- _TASK DETAILS_:
Print the records below exactly, from the line containing "Фото 2019 Рождество" down to the line containing "Marino è sindaco", both lines included, and omit every picture.

- _DATA RECORDS_:

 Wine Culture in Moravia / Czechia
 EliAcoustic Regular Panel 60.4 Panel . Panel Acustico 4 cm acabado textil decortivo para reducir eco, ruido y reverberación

--

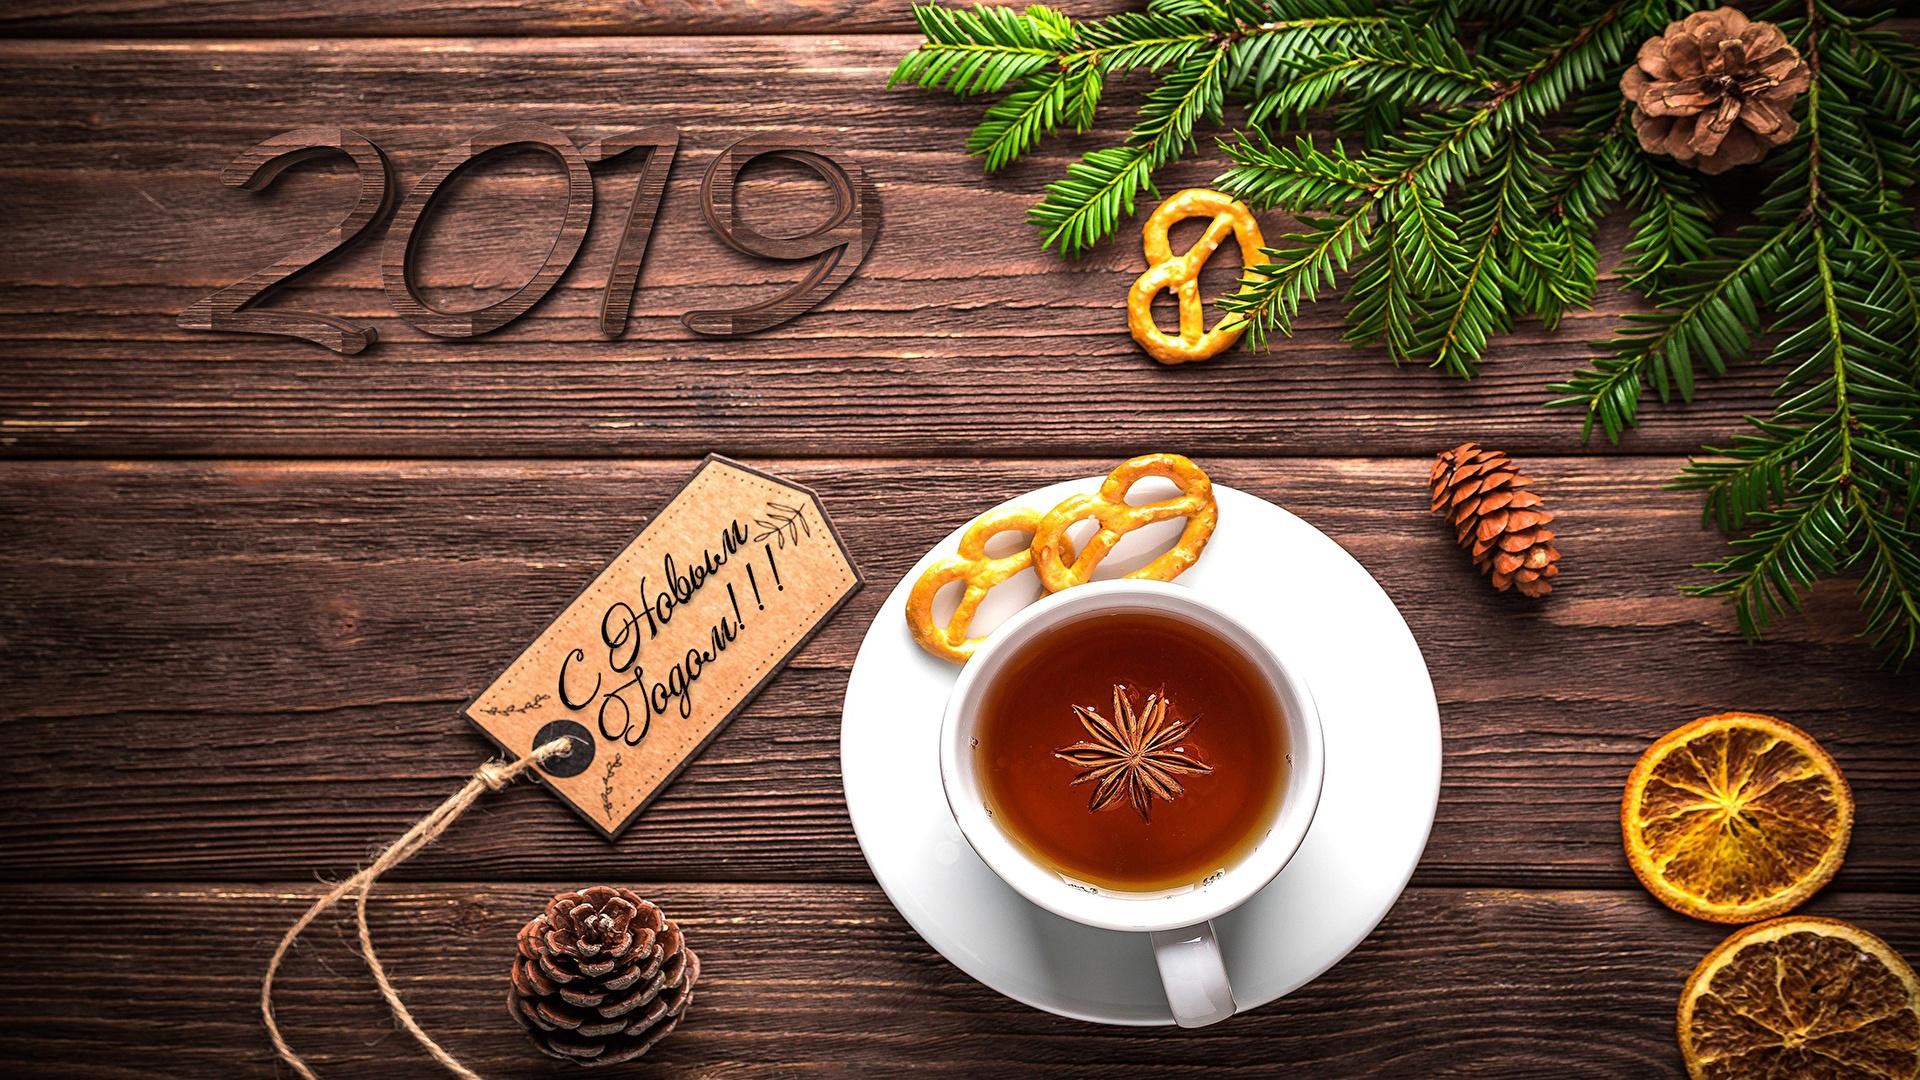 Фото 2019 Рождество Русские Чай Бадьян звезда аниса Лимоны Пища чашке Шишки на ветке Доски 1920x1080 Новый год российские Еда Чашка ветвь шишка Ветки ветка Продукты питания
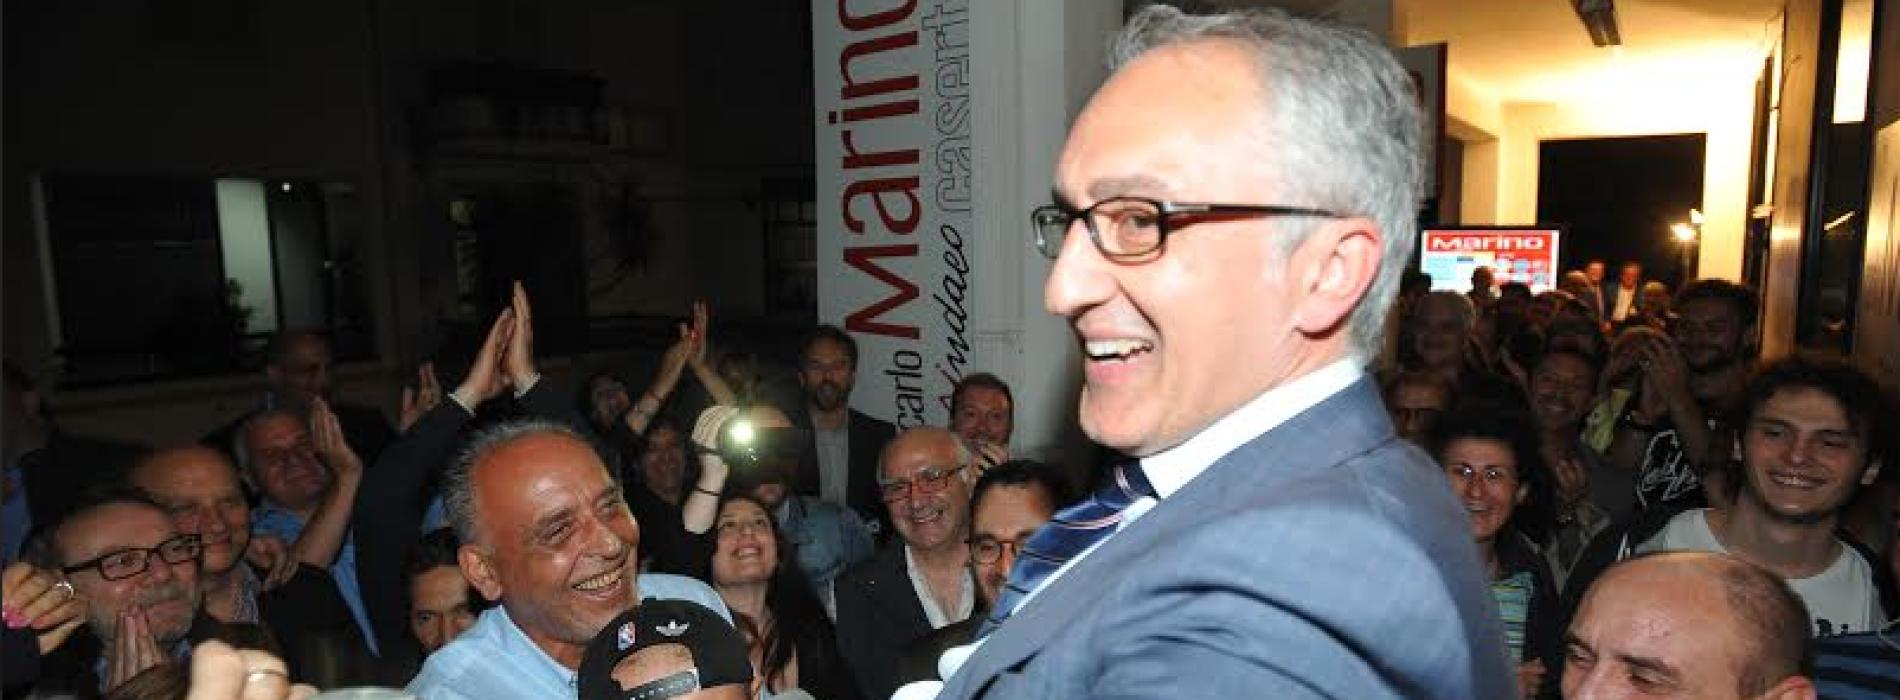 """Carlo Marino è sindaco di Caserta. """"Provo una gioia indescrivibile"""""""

- _FINISHED TASK_:
 Фото 2019 Рождество Русские Чай Бадьян звезда аниса Лимоны Пища чашке Шишки на ветке Доски 1920x1080 Новый год российские Еда Чашка ветвь шишка Ветки ветка Продукты питания
 """Carlo Marino è sindaco di Caserta. """"Provo una gioia indescrivibile"""""""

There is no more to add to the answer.